Question

A sulphuric acid solution contains \[98\% \left( {m/v} \right){H_2}S{O_4}\]. The density of the solution is $1.98g/c{m^3}$. The molarity and molality respectively of the solution are:
A.$19.8M\& 500m$
B.$10M\& 1.5m$
C.$10M\& 10m$
D.$1.0M\& 1m$

Answer 1

: To solve this question, we should know the basic concepts of chemistry. Molarity and molality are basic quantities in chemistry. Both molarity and molality are dependent on the number of moles. So we will aim to calculate the number of moles of solute first.
Formula Used:
Molarity
$M = \dfrac{n}{V}$
Where $M$ represents Molarity,
$n$ represents the number of moles of solute,
$V$ represents the volume of solution in ml.
Molality
$m = \dfrac{n}{W}$
Where $m$ represents molality,
$n$ represents the number of moles of solute,
$W$ represents the weight of the solvent in gram.

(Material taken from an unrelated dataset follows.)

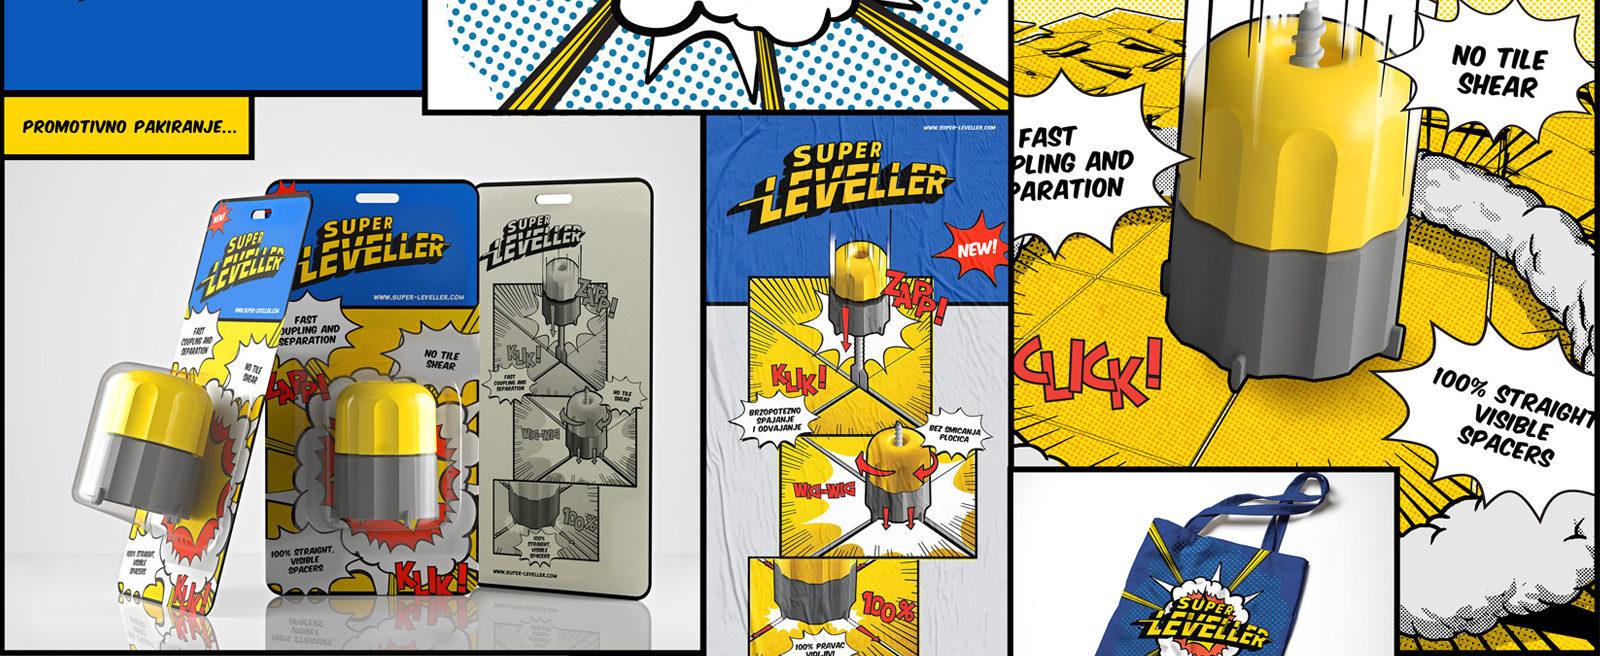 Super Leveller – Ceramic Tile Leveller

Complete step by step answer:
First, we will understand the meaning of a sulphuric acid solution containing \[98\% \left( {m/v} \right){H_2}S{O_4}\]. It simply means that the sulphuric acid solution contains $98g$ \[{H_2}S{O_4}\]. We are assuming here $100g$of the solution.
Now we can easily calculate the weight of the solvent ${W_{solvent}} = 100 - 98 = 2g$. The solvent is considered water.
Now we have given quantities as $d = 1.98g/c{m^3},{W_{{H_2}S{O_4}}} = 98g,{W_{solution}} = 100g,{W_{solvent}} = 2g$
We can easily calculate the volume of solution using the formula, $d = \dfrac{{Mass}}{{Volume}}$ substituting values in the formula we get,
$ \Rightarrow 1.98 = \dfrac{{100}}{{Volume}}$
$ \Rightarrow Volume = 50.5c{m^3}$
Hence, the volume of the solution is $Volume = 50.5c{m^3}$
Now we will calculate the number of moles of solute using the formula, $n = \dfrac{w}{{{M_{wt.}}}}$. We have $w = 98g,{M_{{H_2}S{O_4}}} = 2 \times 1 + 32 + 16 \times 4 = 98g/mol$ to substitute the values in the formula we get,
$ \Rightarrow n = \dfrac{{98}}{{98}} = 1$
Therefore, the number of moles of solute is $n = 1$.
Now we have all the quantities to calculate the molarity and molality. For molarity,
$M = \dfrac{n}{V},n = 1,Volume = 50.5c{m^3} = 50.5ml$
Substituting value in the formula we get,
$M = \dfrac{1}{{50.5}} \times 1000 = 19.8mol/L$
For molality, $m = \dfrac{n}{W},n = 1,{W_{Solvent}} = 2g$, substituting the values in the formula we get,
$m = \dfrac{1}{2} \times 1000 = 500mol/kg$
Therefore, the values of molarity and molality are $19.8M\& 500m$.

Therefore, the correct option is (A).

Note:
Molality is preferred over molarity as molarity is temperature-dependent and molality is temperature independent. Thus molarity changes with change in temperature as molarity is inversely proportional to volume.